Ваш город — это мертворожденный прелестный младенец Рюйша в кунсткамерной колбе, с прозрачной кожей и драгоценными рубиновыми кровопротоками. Младенец, которого Доротее предстояло охранять и при/украшать.
Все в этом городе было чужое ей, но при этом и чужое самому городу, себе самому, иностранное: город уже голосил дюжиной языков, разные лавки зазывали своей цветной абракадаброй — прибывали итальянцы немцы чухонцы татарва.
«брот брот брот»!
Знавали одного английского купца, сыну которого было всего 12 лет, и он весьма хорошо, хотя и неправильно, говорил на восьми разных языках, а именно английском французском шведском русском польском лифляндском и финском.

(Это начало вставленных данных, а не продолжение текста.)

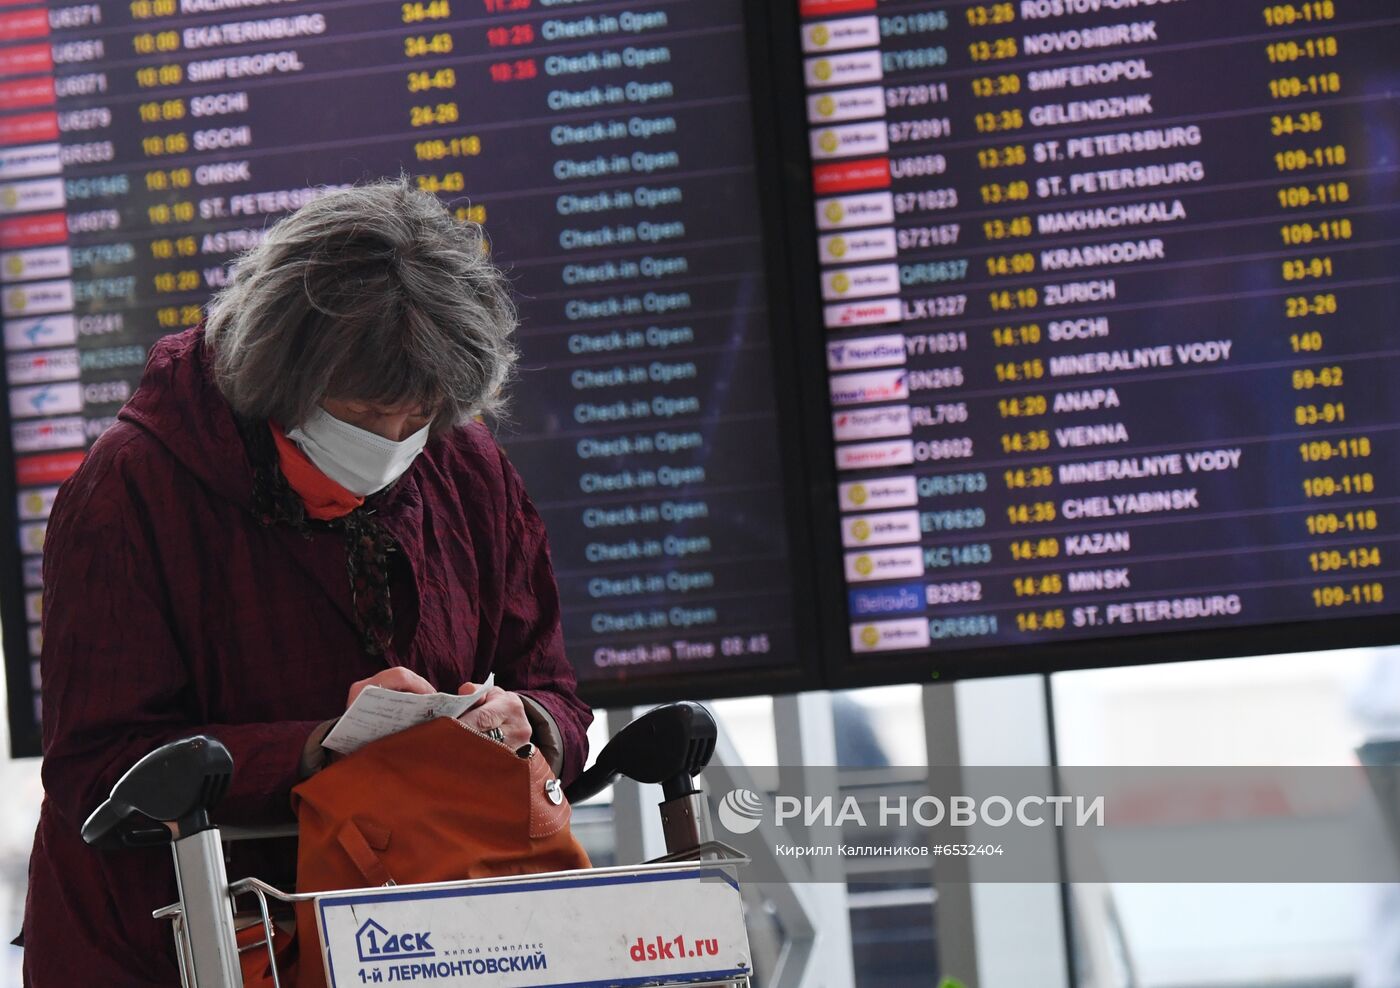 Прилет самолета S7 Airlines в новой ливрее в Домодедово

Но сколь много языков понимают выросшие в Петербурге, столь же скверно на них и говорят. Нет ничего необычного, когда в одном предложении намешиваются слова трех-четырех языков. Говорящий по-русски немец и говорящий по-немецки русский обычно совершают столь много ошибок, что строгими критиками их речь могла бы быть принята за новый иностранный язык! Язык Петербурга.
Вот например: Monsiieur Paschalusa vil ju nicht en Schalken Vodka trinken Isvollet Badushka.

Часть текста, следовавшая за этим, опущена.